EXERCISE: In the data that follows, count the lines in which the word "Foto" occurs, and report that figure alone.

DATA EXTRACT:
════
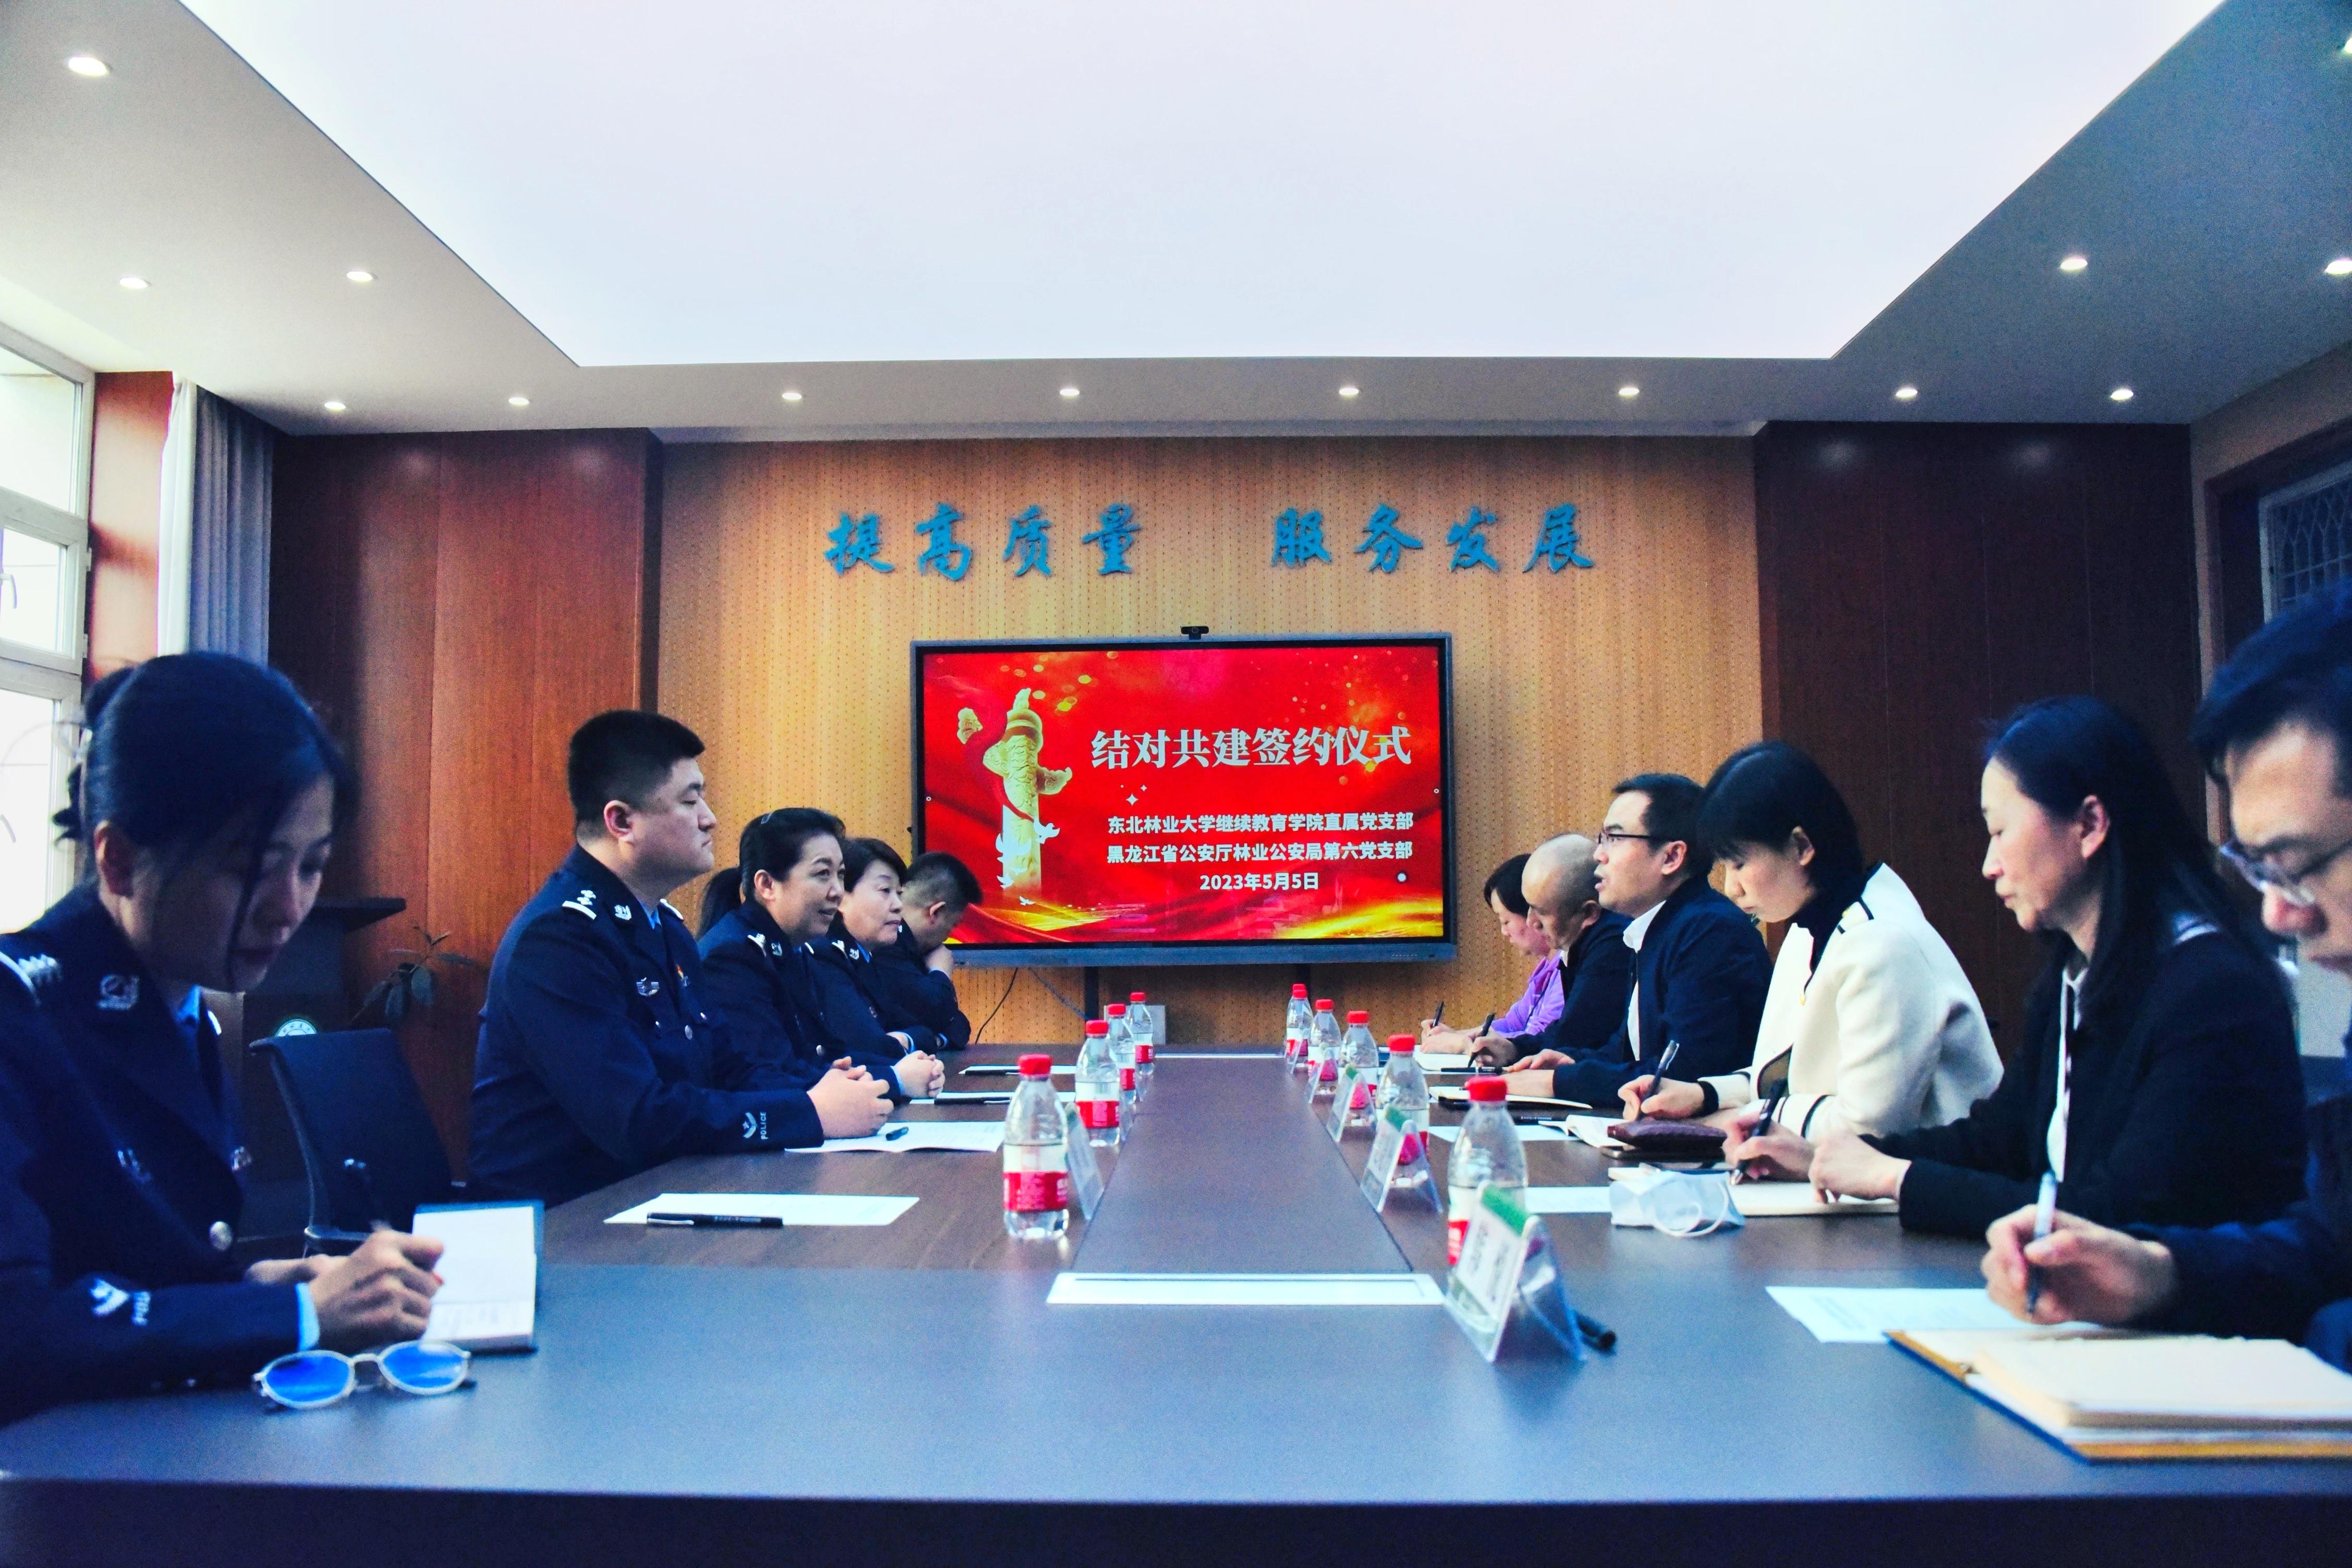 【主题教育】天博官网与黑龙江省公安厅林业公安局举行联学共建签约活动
════
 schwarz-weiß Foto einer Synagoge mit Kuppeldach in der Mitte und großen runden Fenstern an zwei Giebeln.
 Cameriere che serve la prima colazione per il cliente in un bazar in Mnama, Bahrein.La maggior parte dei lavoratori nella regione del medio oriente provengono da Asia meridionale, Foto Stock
════
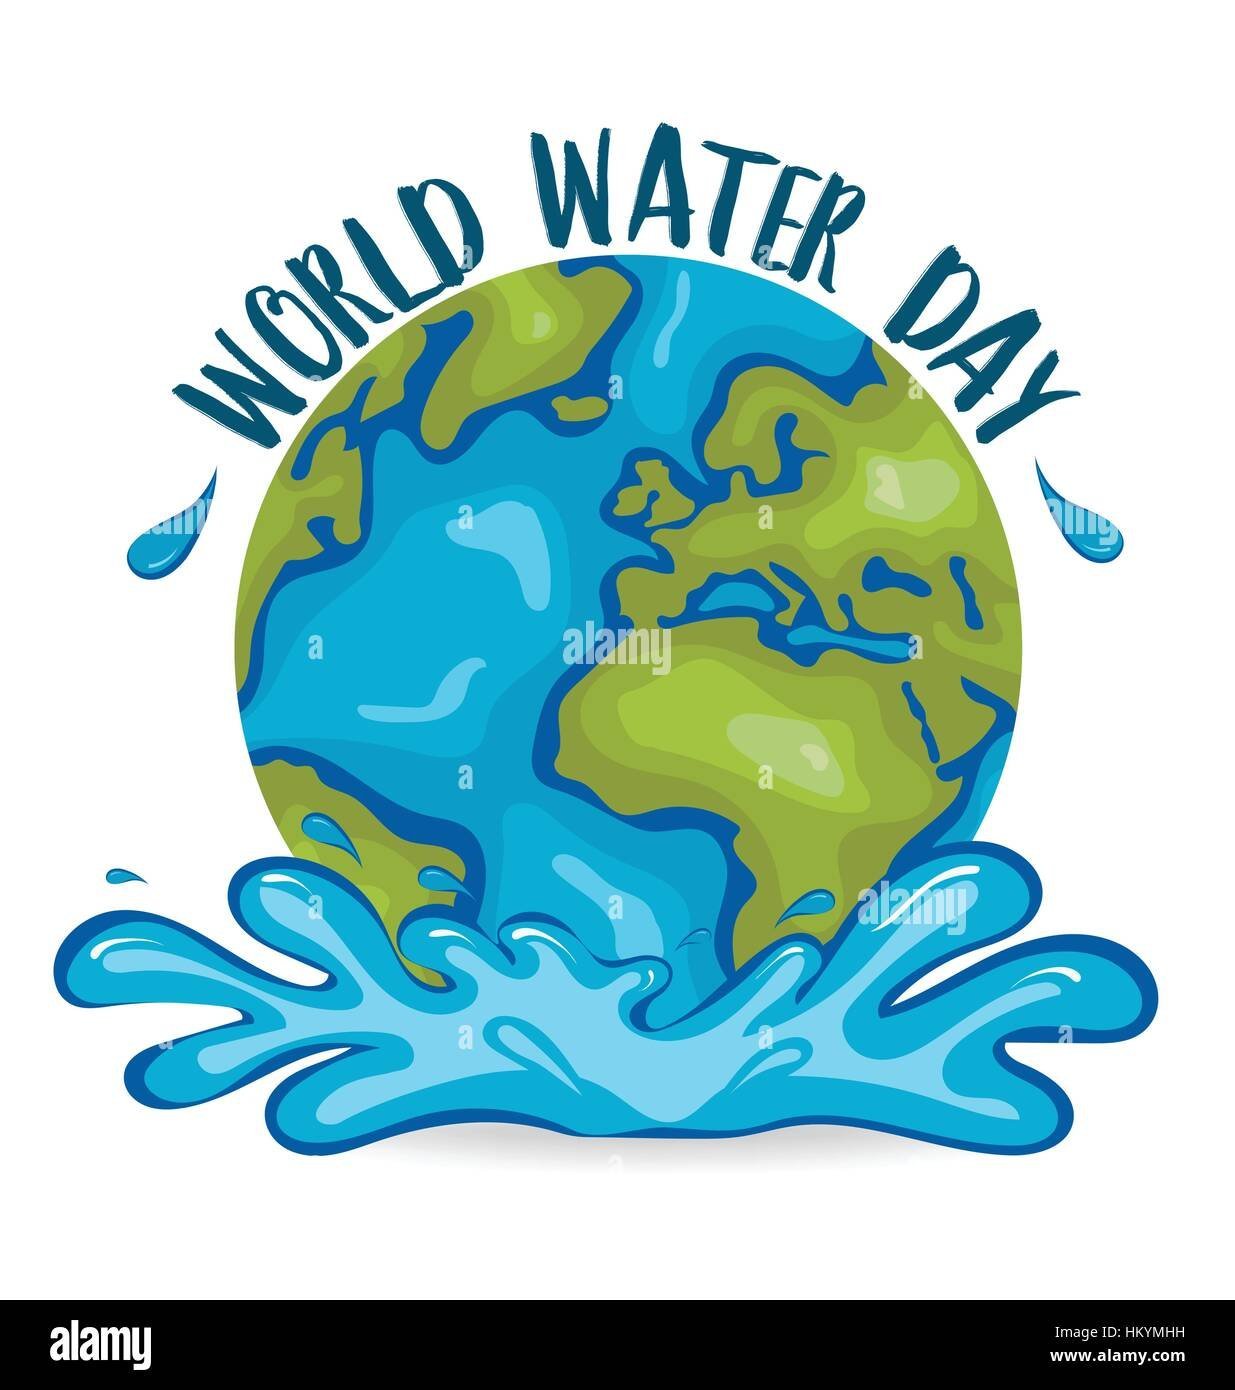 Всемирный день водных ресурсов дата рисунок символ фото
════
SOLUTION: 2